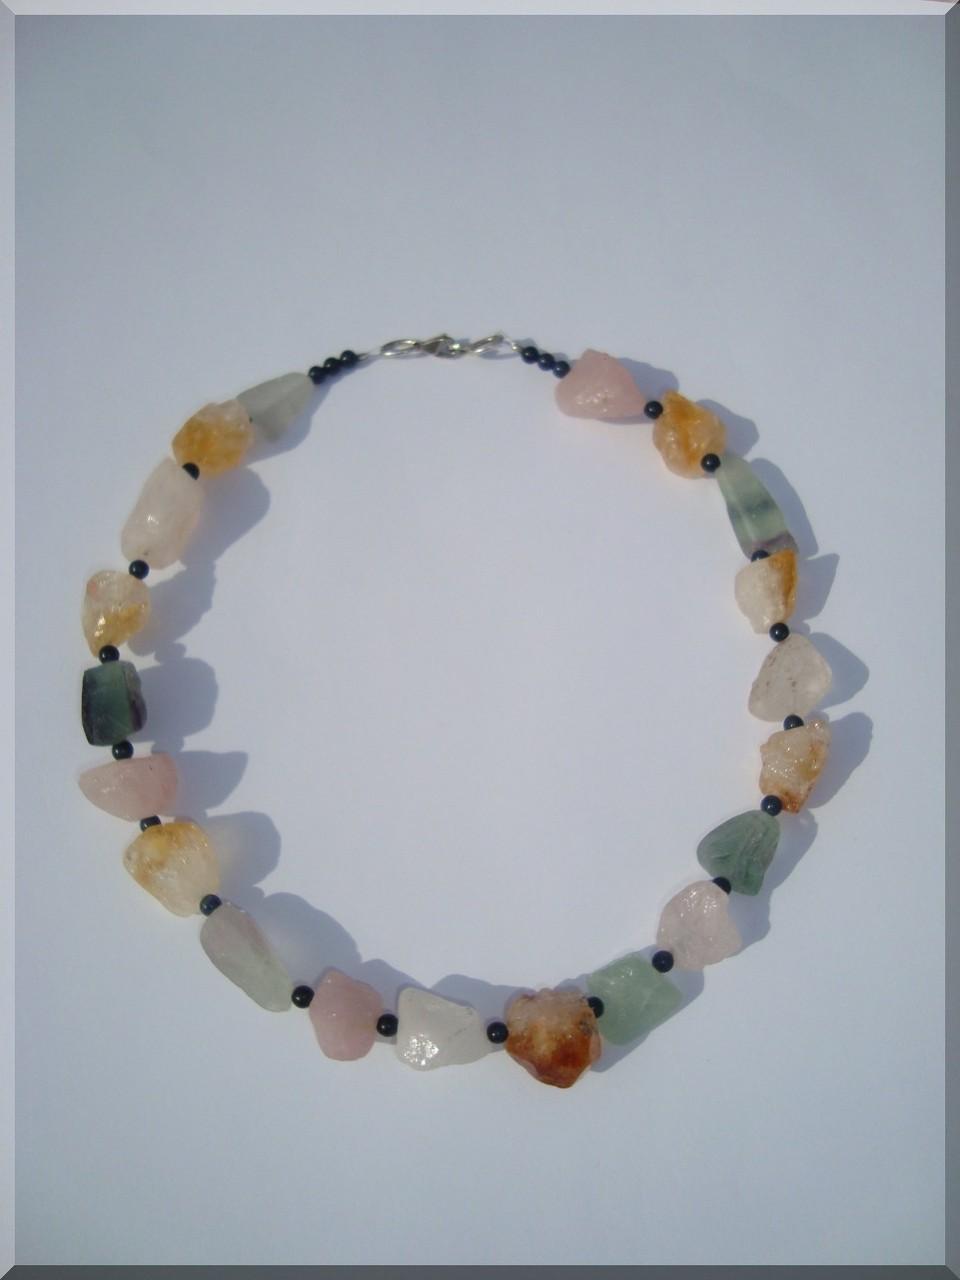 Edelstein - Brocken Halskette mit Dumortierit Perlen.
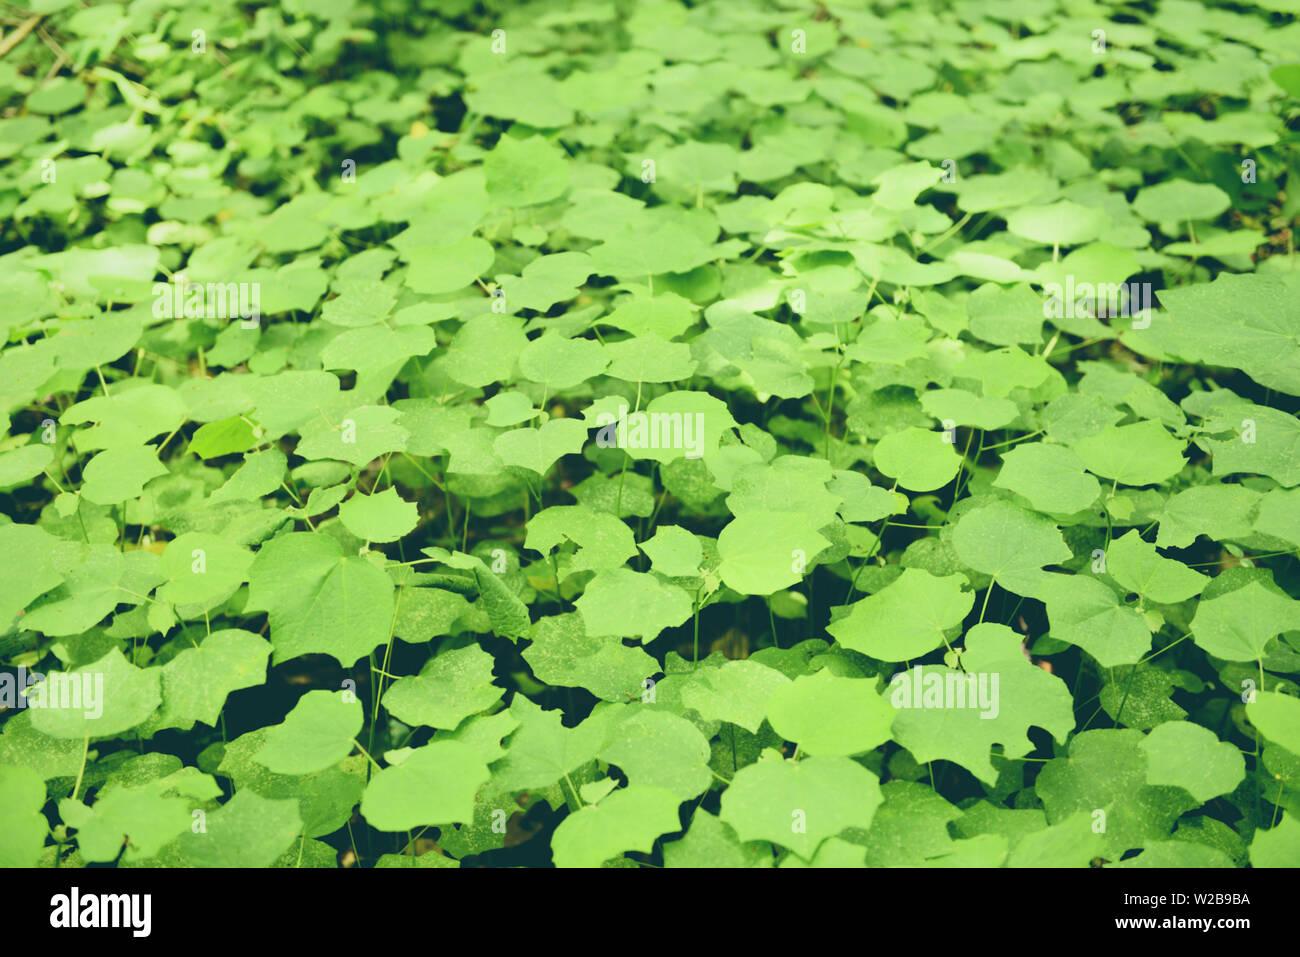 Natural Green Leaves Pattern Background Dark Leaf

==

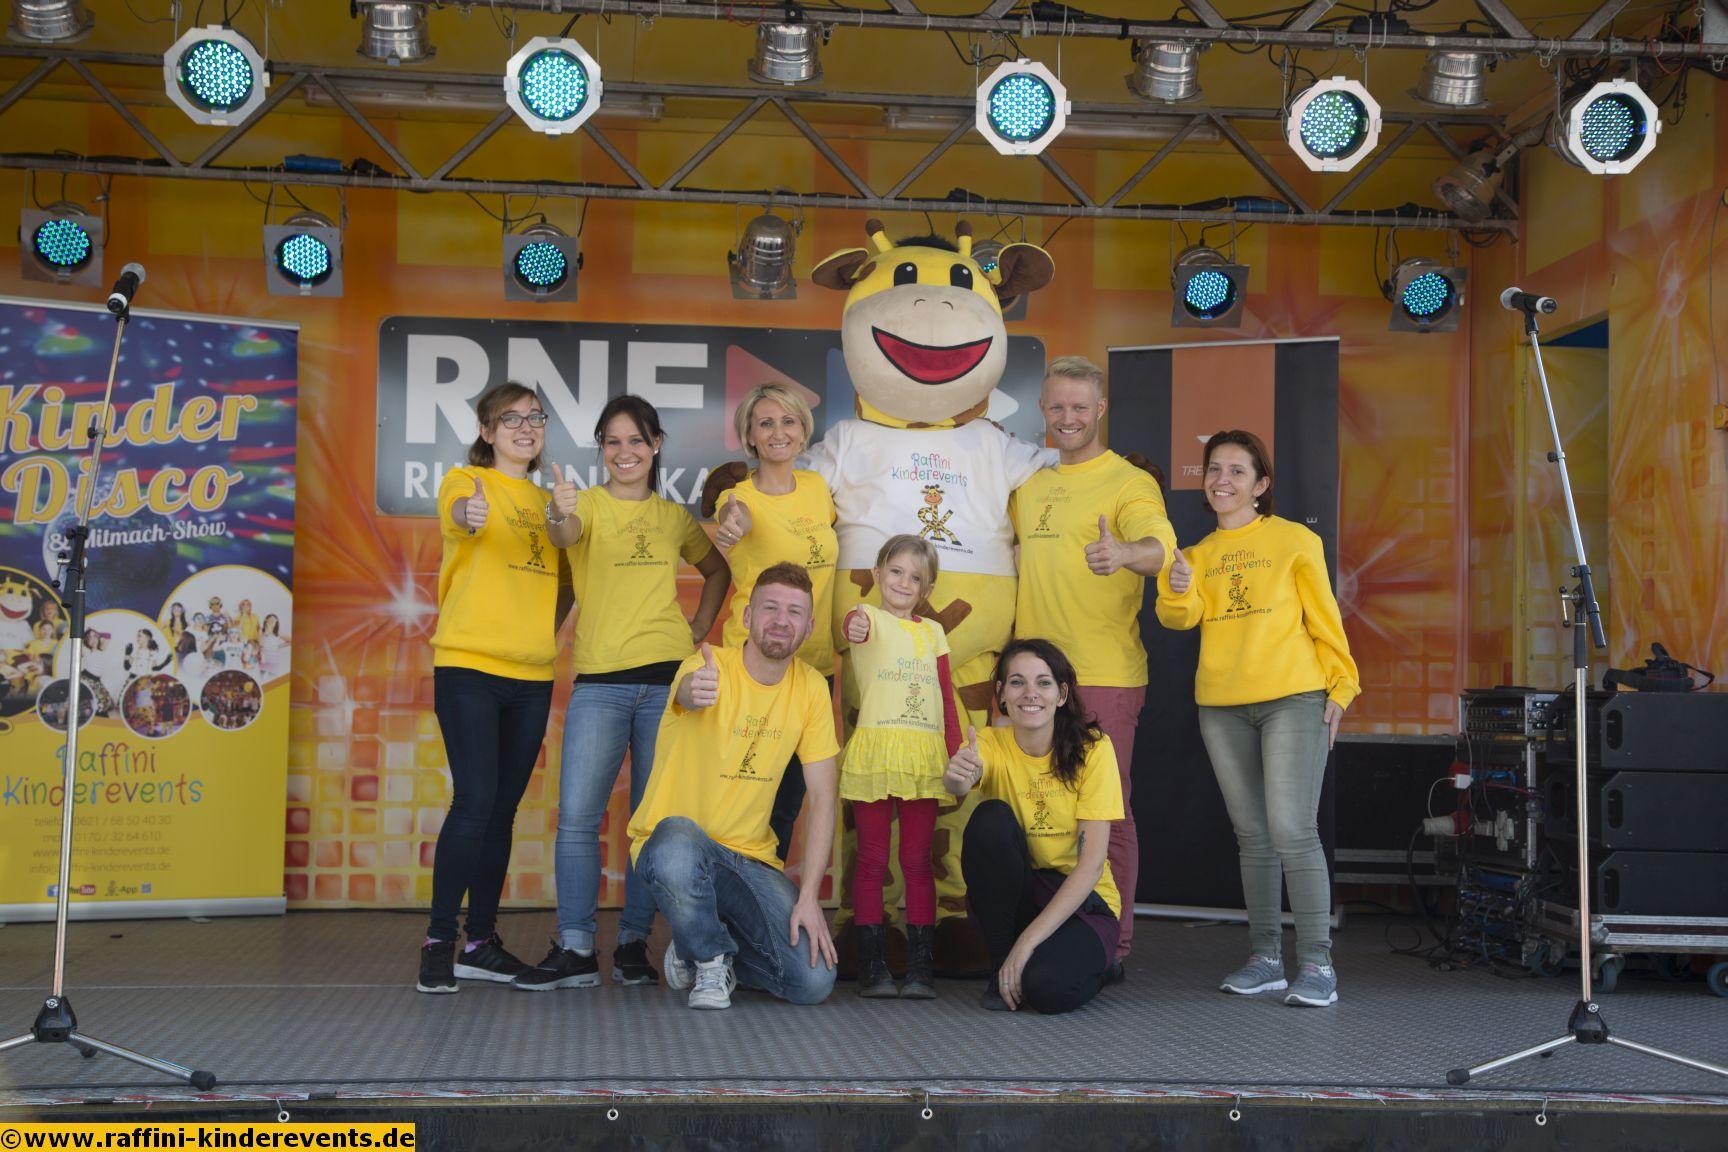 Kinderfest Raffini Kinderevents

---

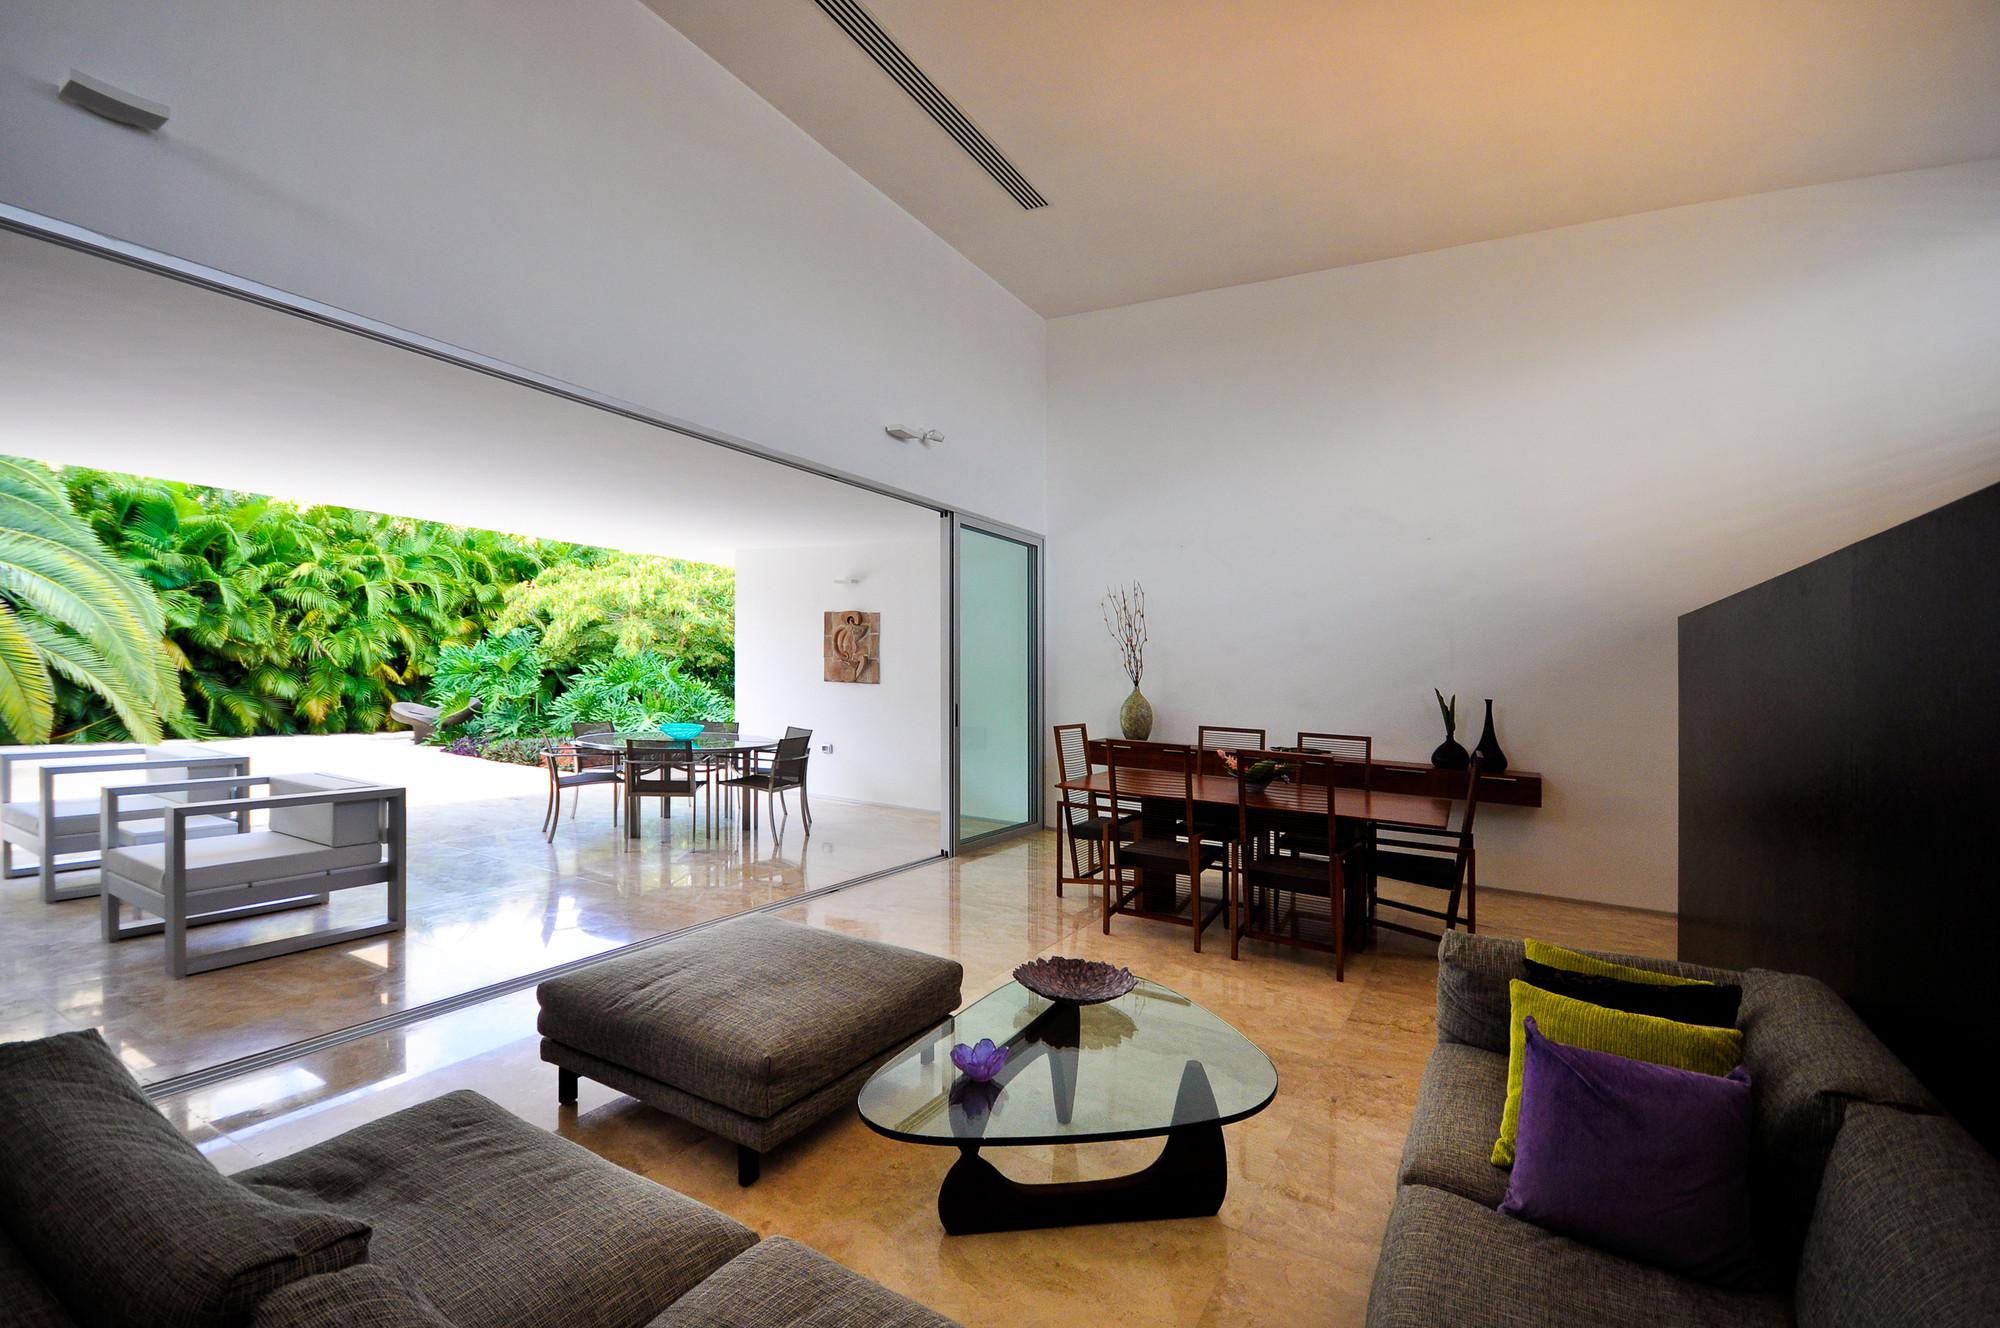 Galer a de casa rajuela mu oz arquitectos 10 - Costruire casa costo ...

_REQUIRED ACTION:_ Using the data above, retype exactly and only the lines from the one containing "Edelstein - Brocken" up to and including the one containing "Natural Green Leaves", with no pictures carried over.

_RESPONSE AREA:_
 Edelstein - Brocken Halskette mit Dumortierit Perlen.
 Natural Green Leaves Pattern Background Dark Leaf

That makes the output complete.